GOAL OF THE EXERCISE: Find every line below with "Blue" in it and give only how many there are.
################
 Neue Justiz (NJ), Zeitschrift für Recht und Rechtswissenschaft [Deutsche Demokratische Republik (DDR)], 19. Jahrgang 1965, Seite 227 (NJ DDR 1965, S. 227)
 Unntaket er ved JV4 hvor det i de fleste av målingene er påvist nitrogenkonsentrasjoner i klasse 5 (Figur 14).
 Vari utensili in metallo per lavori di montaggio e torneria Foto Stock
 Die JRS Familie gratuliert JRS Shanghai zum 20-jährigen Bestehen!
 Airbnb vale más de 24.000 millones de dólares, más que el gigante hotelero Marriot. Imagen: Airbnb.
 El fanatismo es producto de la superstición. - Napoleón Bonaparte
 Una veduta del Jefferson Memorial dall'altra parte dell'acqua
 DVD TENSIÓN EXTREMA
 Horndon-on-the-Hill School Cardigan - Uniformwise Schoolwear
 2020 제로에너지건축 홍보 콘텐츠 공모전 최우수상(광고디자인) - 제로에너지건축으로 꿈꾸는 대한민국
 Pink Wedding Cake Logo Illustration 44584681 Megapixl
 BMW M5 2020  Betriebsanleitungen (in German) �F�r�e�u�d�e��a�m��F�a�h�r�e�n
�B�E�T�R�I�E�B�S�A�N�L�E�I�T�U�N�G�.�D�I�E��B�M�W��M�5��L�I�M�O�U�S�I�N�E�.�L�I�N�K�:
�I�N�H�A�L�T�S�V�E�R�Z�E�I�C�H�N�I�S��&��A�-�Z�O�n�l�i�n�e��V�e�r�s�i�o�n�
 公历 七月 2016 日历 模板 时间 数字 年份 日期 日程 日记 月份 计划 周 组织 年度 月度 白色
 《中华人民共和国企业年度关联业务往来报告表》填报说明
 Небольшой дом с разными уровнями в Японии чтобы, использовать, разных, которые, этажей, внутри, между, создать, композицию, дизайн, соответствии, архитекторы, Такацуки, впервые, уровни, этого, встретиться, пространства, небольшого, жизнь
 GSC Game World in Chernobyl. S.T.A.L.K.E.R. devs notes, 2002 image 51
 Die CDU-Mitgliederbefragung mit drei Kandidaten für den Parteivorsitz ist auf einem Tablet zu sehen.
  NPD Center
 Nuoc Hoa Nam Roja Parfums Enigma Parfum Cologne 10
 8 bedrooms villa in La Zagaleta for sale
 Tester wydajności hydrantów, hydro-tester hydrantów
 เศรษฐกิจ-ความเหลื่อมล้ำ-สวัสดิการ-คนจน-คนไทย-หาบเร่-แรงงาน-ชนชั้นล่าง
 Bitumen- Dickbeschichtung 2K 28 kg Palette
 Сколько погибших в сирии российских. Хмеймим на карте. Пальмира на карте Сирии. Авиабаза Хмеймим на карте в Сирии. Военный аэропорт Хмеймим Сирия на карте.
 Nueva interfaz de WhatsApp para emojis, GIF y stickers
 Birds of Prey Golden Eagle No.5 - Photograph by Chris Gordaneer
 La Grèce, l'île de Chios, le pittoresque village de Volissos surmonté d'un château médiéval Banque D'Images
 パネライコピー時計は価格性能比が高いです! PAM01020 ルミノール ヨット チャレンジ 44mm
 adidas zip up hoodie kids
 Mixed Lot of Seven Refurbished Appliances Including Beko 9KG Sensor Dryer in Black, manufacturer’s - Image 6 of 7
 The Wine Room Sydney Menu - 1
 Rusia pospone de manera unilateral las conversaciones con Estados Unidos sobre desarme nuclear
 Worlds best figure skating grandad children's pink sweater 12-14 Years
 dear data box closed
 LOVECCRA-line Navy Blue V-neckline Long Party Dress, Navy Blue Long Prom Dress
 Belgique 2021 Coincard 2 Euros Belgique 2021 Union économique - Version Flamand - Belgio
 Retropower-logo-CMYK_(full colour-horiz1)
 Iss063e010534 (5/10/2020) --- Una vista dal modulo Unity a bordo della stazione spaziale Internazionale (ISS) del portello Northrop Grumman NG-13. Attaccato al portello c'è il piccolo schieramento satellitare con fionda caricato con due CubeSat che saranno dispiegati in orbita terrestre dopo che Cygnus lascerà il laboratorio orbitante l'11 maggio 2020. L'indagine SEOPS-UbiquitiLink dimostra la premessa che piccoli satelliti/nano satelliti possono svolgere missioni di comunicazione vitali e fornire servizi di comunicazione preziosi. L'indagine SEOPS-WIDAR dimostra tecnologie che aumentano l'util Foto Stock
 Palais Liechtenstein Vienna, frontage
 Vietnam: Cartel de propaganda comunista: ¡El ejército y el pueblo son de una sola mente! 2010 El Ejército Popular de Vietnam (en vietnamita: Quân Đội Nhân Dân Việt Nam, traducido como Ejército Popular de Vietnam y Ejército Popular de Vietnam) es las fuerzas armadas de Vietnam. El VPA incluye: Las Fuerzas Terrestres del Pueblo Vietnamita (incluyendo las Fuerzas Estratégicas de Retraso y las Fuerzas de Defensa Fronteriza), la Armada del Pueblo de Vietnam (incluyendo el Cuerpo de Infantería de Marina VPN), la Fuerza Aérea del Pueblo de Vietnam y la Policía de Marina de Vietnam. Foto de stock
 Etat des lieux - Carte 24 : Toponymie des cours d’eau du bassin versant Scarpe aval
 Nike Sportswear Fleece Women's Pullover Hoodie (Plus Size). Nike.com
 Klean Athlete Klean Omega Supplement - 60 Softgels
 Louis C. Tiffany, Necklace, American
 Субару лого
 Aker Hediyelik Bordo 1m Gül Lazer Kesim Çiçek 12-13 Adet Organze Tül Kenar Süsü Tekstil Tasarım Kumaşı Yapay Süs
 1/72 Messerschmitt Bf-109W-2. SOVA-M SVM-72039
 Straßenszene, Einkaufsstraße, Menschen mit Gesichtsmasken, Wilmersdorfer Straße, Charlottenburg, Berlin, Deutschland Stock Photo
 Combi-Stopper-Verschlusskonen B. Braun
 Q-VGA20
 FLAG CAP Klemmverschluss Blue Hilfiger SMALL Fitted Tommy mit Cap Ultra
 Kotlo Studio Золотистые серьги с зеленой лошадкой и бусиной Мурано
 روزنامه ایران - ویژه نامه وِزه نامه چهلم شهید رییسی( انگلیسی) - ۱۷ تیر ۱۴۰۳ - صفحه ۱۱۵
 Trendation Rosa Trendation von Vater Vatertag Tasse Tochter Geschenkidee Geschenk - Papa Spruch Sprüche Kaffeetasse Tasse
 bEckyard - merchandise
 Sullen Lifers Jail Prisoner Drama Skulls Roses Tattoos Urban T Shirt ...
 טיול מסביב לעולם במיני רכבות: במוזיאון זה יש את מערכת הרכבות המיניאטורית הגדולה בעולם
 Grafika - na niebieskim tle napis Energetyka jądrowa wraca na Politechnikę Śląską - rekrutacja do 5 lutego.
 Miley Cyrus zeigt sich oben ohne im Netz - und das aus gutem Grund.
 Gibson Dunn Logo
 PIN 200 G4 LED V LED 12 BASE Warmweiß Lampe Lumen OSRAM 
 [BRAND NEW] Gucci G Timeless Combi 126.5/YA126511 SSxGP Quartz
################
EXERCISE RESULT: 2